# DIY push pole?



## ZaneD (Feb 28, 2017)

Personally I wouldn’t consider that type of thing an option unless it’s just a short pole you wouldn’t use much like for a canoe or similar. That site lists a bare 8’ fiberglass section as being 2.8#, that would put a decent length pole at 6-10# which is way too heavy to use for even a short amount of time. If you need a cheapish option the best thing I know of is the Carbon Marine Mangrove.


----------



## jonrconner (May 20, 2015)

These things are crap, I ordered one and sent it back, they are thick wall and heavy, just bunch of mat held together with polyester, not a cloth wrap.
JC


----------



## permitchaser (Aug 26, 2013)

I added everything up for 20' pp and got $239 for it. Looks like it would be heavier than my one piece glass pp


----------



## MooreMiller (Sep 10, 2016)

Not to hijack this thread but I've been interested in another method to make a pole. String a cable from one end of the garage to the other. Get the cable very tight. Slip the pool noodle type A/C line insulation over the cable. Wrap the cable in uni-directional carbon or fiberglass and epoxy resin. Then one light layer of normal fabric on top to keep it together. Then you have a light-ish weight shaft. 

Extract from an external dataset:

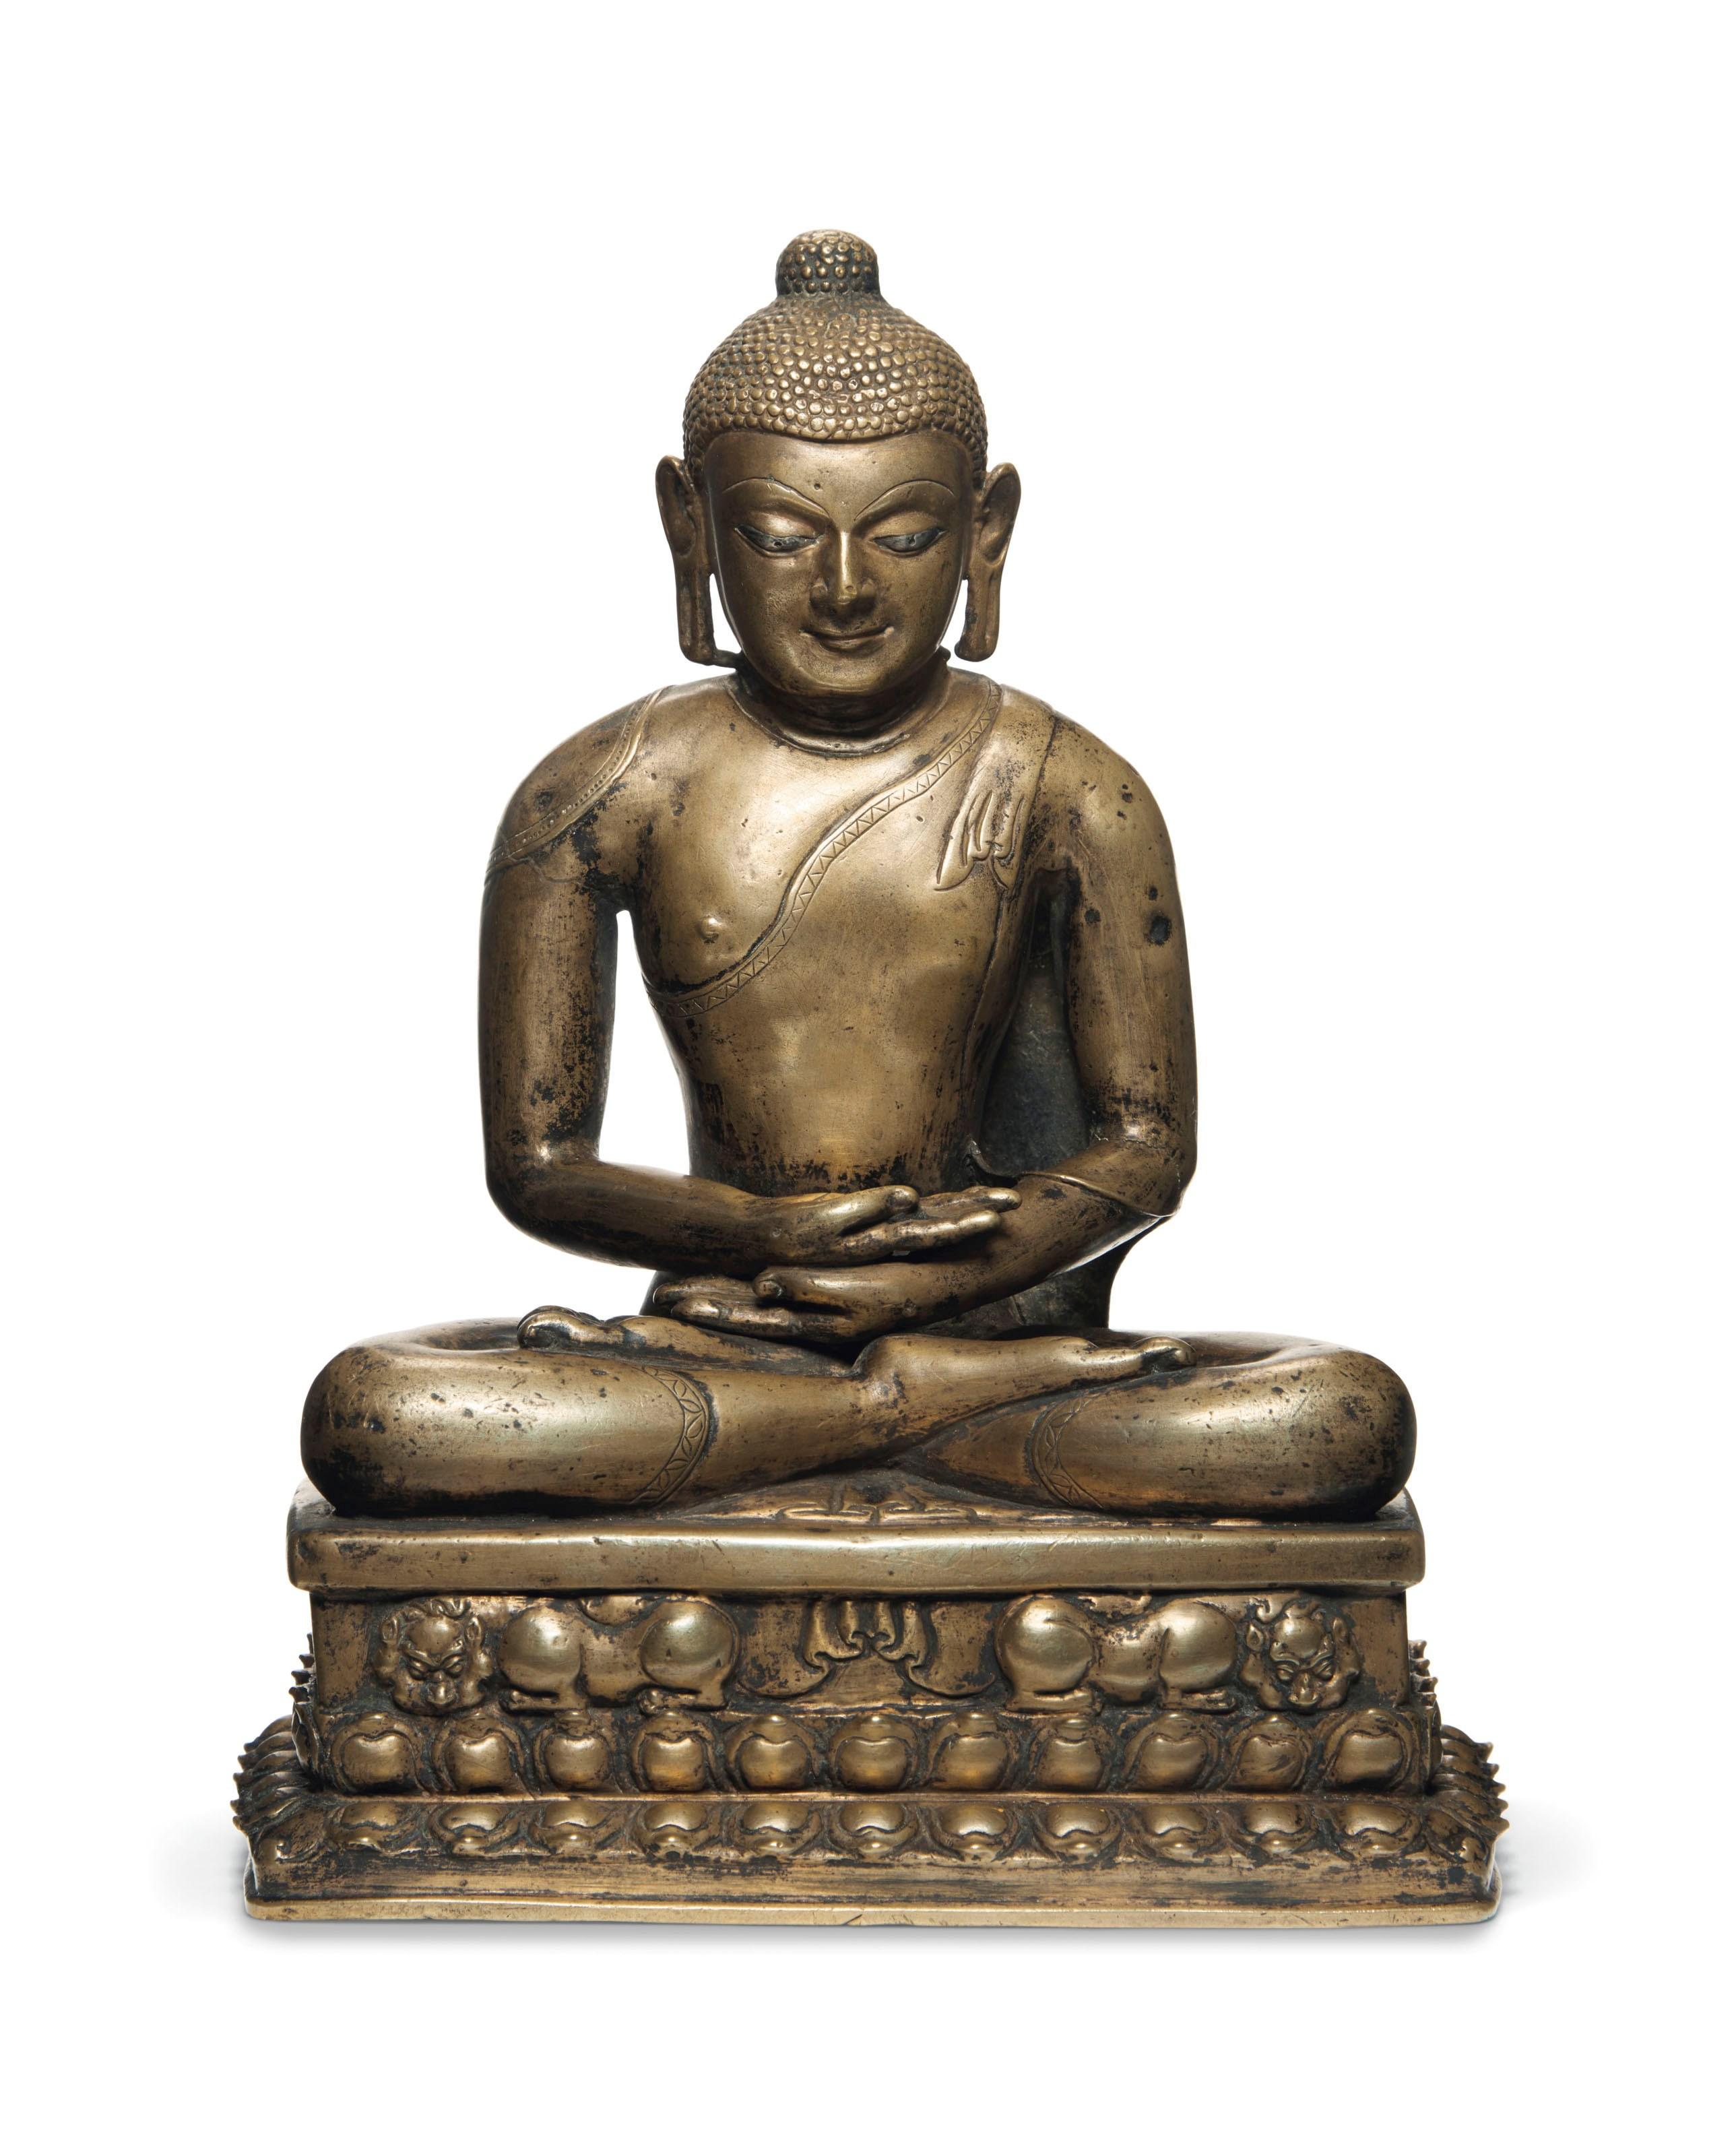 西藏西部 十一至十二世纪 铜错银嵌红铜佛坐像,高12¼吋(31公分)。估价:100,000-150,000美元。此拍品于2019年3月21日在佳士得纽约髹金饰玉 - 欧云伉俪珍藏日间拍卖中呈献。

Never tried it. Maybe it'll work!


----------



## Runfoxrun (Sep 28, 2017)

Any and all advice on super economy pushpole options is appreciated. I've got a baby coming any day now so extra money is scarce. I have a square stern old town canoe with a deck on the front. 15ft boat so I want maybe 17ish feet? Don't know what I need, just know that my 8ft parknpole is far better for parking than poling.


----------



## GG34 (May 2, 2014)

I made one. Heavy and had water intrusion. Should be the last option.


----------



## Smackdaddy53 (Dec 31, 2012)

Not no but hell no. If you pole for any real amount of time you will want to save your allowance and buy a graphite pole.


----------



## yobata (Jul 14, 2015)

I had the opportunity to know a track coach very well; he gave me 2 pole vaulting poles which were ~16' and ~14'. I cut off the bad/frayed/split sections from the years of use to around 10' and 9' each. I used a hardwood dowel about 22" long as a ferrule coating it with epoxy, then thicken epoxy (using woodflour) on the inside and 2 layers of 6oz fabric on the outside. I made a foot and point from some plastic (bathroom partition material that I believe to be similar to starboard, except it's black). It has held up really well and I can manage it quite easily for a full day of fishing, although I am probably a stronger guy than the average angler at 6'2 and 260# (ex football player). I do not have a final weight for my home-made push pole, but I can try and get one in the next few days if desired...


----------



## Godzuki86 (Nov 30, 2013)

Smackdaddy53 said:


> Not no but hell no. If you pole for any real amount of time you will want to save your allowance and buy a graphite pole.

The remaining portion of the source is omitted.